Platform upgrade: Core i7-920 vs i7-3770 at 4.2GHz featuring ECS Golden Series Motherboard and Kingston
BIOS
Setting up and configuring the BIOS is easy although it is not necessarily intuitive.
We picked English.
After you pick your language you have a choice of setting everything to default, entering the Boot or Advanced menus.
Here is the Advanced Menu and we have highlighted the SATA configuration.
Of course, we picked ACHI mode.There aren’t a lot of options for the Chipset.
M.I.B.X is where the end user will do most of the overclocking.
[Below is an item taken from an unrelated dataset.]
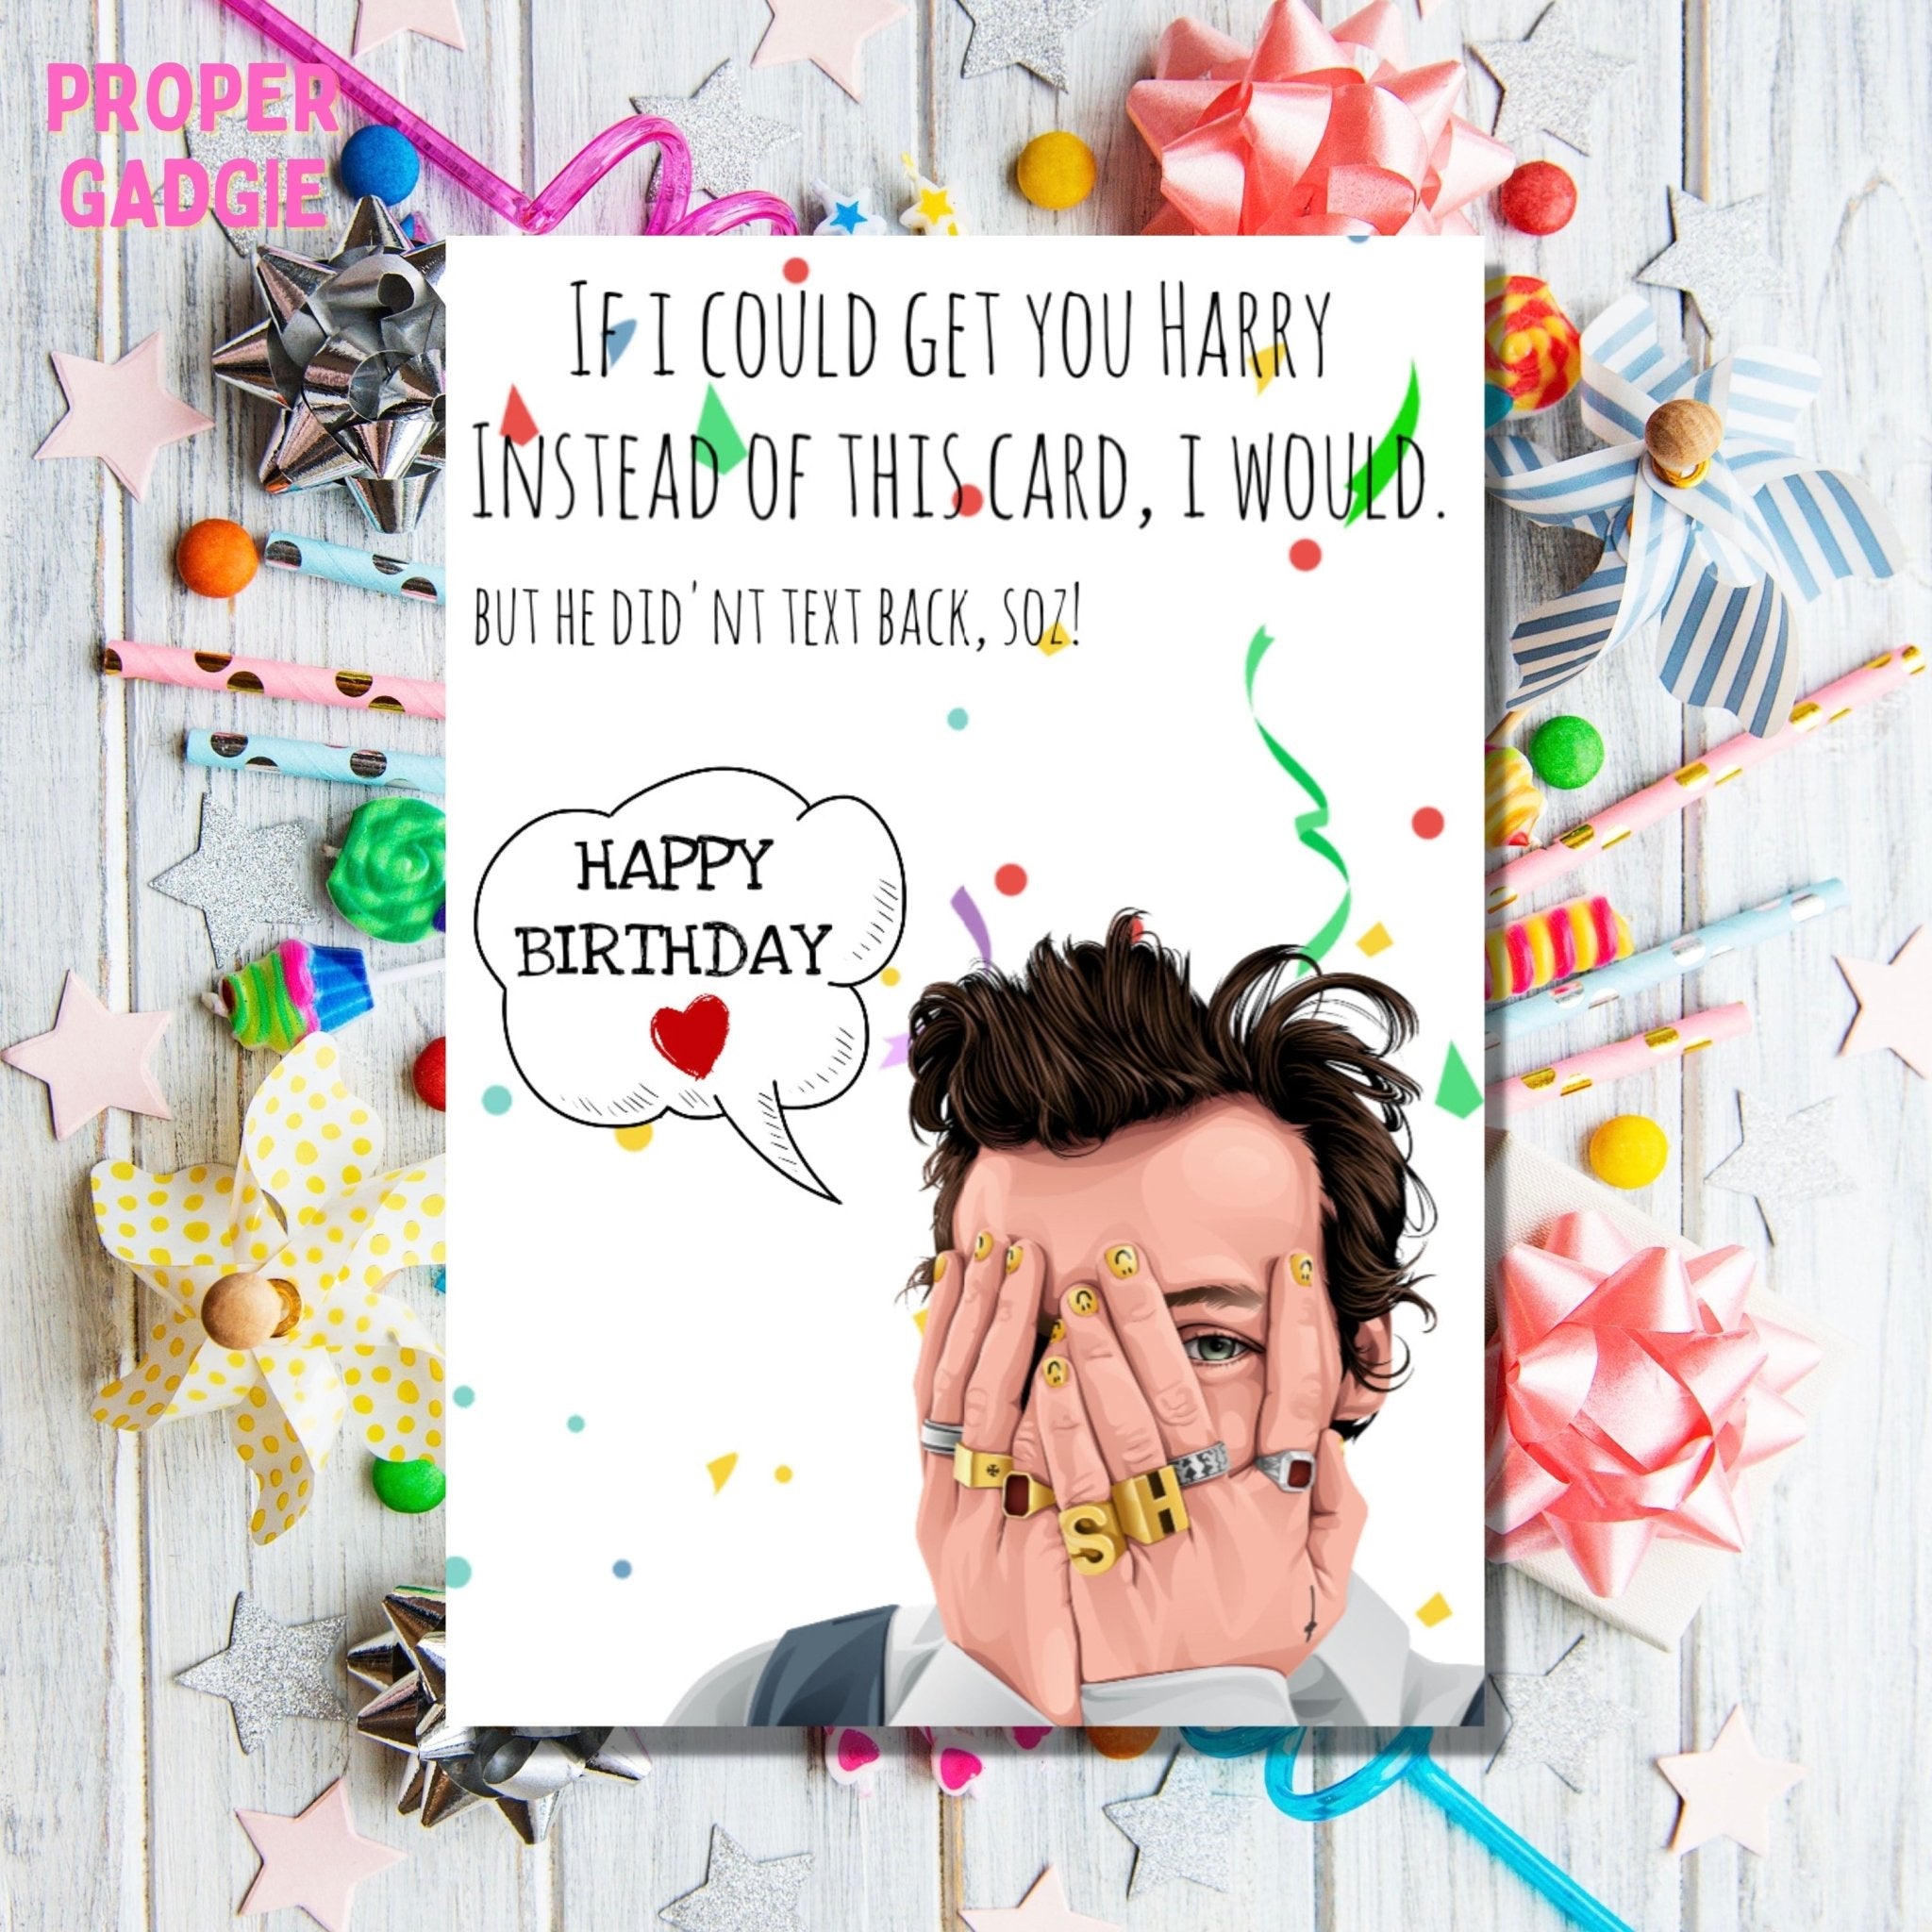 White Musical Themed Harry Styles Birthday Card For All Occasion With Envelope, A5 Size - ©️Proper Gadgie 2023

We changed the CPU ratio from Auto (35) to 42 for 4.2GHz and to 48 for 4.8GHz.
We had to add .13V to stabilize our overclock at 4.8GHz with 4GB (2x2GB) of system RAM. Using 8GB and twice the DIMMs (4x2GB), we had to add even more voltage to stabilize our overclock at 4.8GHz.Notice what happens when we disable Turbo Boost.
All of our options for overclocking disappear and when we boot up, we will be stuck at 3.5GHz without any Turbo at all.
There are three major settings for memory configuration, Automatic, and two XMP profiles.
Automatic is the lowest memory settings, or 1200MHz, but there are many options if you choose Manual.
With manual mode, you have quite a bit of control over the memory timings.
XMP Profile 1 corresponds to 1867MHz; Profile 2 is 1600MHz.
CPU-Z confirms that Profile 1 is accurate.
It’s time to exit and save.
Finally we have the exit screen with save and exit. Pressing “F4” is the same as ‘Save and Exit’ while pressing “F3” resets to default. And we have pressed both buttons by mistake because of their close proximity to each other.
The BIOS is a significant improvement over older ECS motherboards, but it ultimately fell a bit short when it came to some important options and we will continue to quest for 5.0GHz with our Core i7-3770K. We also found the voltage measurements were sometimes not accurate compared to the reporting and did not necessarily correspond to what the BIOS reported. The end user should monitor actual voltage if possible.
We were able to match the 4.8GHz overclock of our Gigabyte Z77 mTX board, but no higher – not even though there appeared to be no thermal reason for for being limited.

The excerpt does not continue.